With the help of machine learning, researchers were able to train a computer to analyze breast cancer images and classify tumors accurately, according to a study published in NPJ Breast Cancer.
The study was led by researchers at the University of North Carolina (UNC) Lineberger Comprehensive Cancer Center.
“Using artificial intelligence, or machine learning, we were able to do a number of things that pathologists can do at a similar accuracy, but we were also able to do a thing or two that pathologists are not able to do today,” Charles Perou, PhD, the May Goldman Shaw Distinguished Professor of Molecular Oncology, professor of genetics, and of pathology and laboratory medicine at the UNC School of Medicine, said in a statement. “This has a long way to go in terms of validation, but I think the accuracy is only going to get better as we acquire more images to train the computer with.”
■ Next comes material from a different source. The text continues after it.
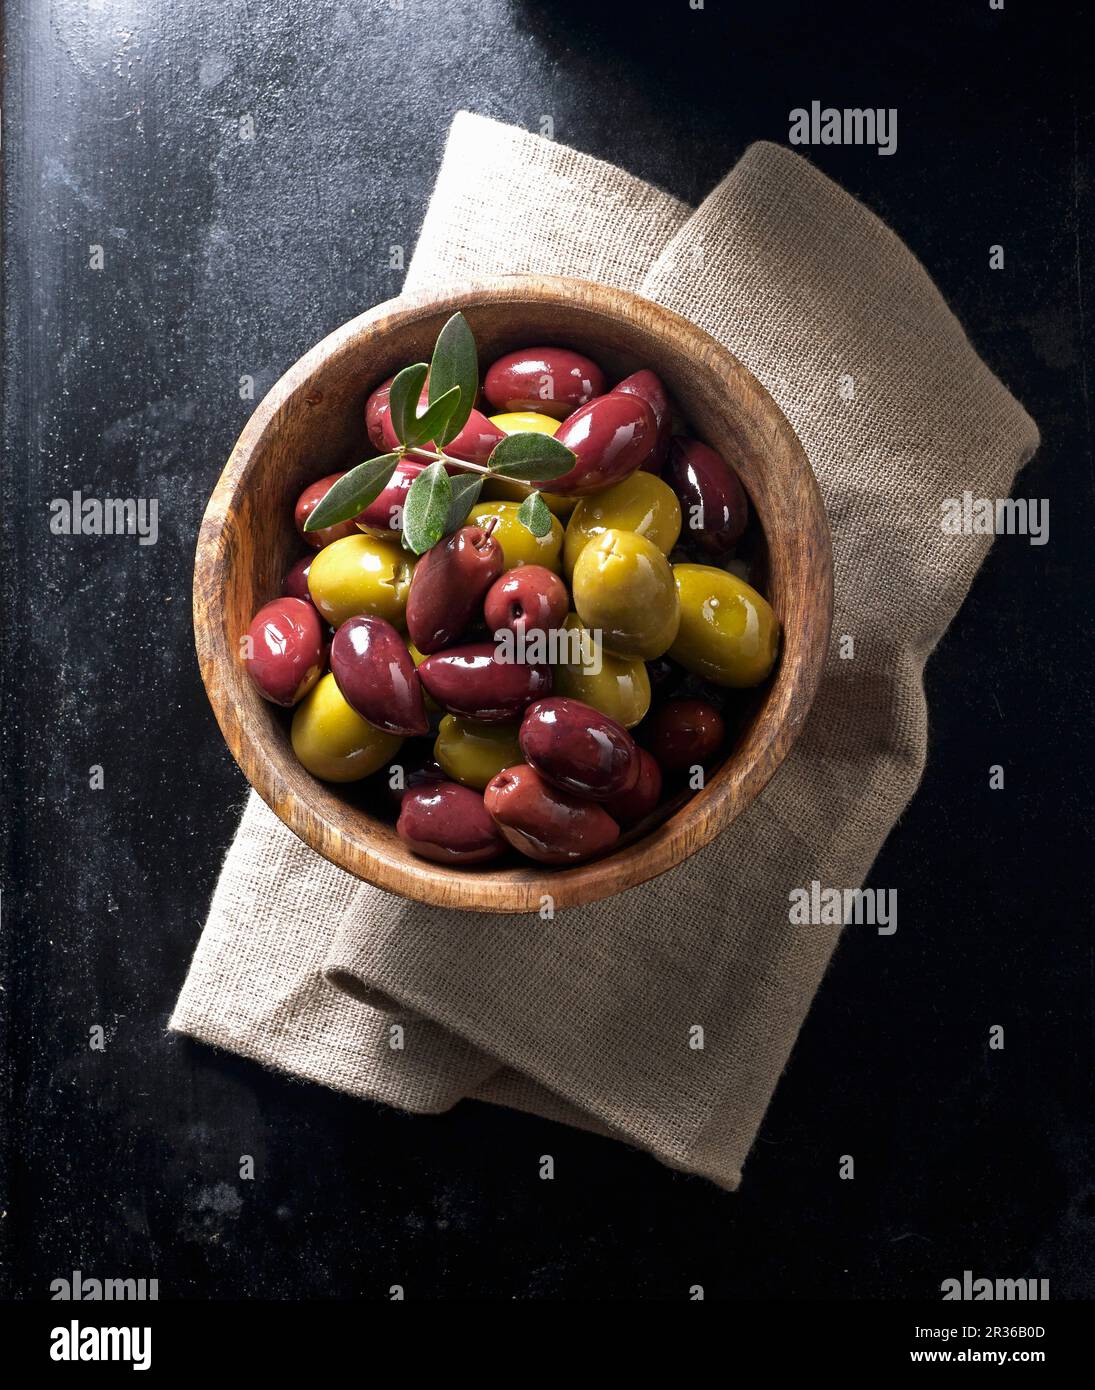 Kalamata olives and green olives in a wooden bowl on a linen napkin Stock Photo

After seeing “significant advances” with using deep learning for tumor, mitosis detection and metastatic cancer detection in lymph nodes, researchers focused on using deep learning to predict complex properties that aren’t visually apparent to pathologists.
To train the computer, researchers used a dataset of 571 breast tumors to create image-based classifiers for tumor grade, ER status, PAM50 intrinsic subtype, histological subtype and risk of recurrence score. The computer’s accuracy, sensitivity and specificity was then assessed using an independent dataset of 288 images.
The computer was able to distinguish:
- Low-intermediate versus high tumor grade with 82 percent accuracy
- ER status with 84 percent accuracy
- Basal-like versus non-Basal-like breast cancer with 77 percent accuracy
- Ductal versus lobular breast cancer with 94 percent accuracy
- High versus low-medium recurrence score with 75 percent accuracy
Based on the results, researchers stated, "image-based methods could be promising for identifying patients with a greater need for further genomic testing."
“We were surprised that the computer was able to get a pretty high accuracy in estimating biomarker risk just from looking at the pictures,” Melissa Troester, PhD, a professor in the UNC Gillings School of Global Public Health, said in a statement. “We spend thousands of dollars measuring those biomarkers using molecular tools, and this new method can take the image and get 80 percent accuracy or better at estimating the tumor phenotype or subtype. That was pretty amazing.”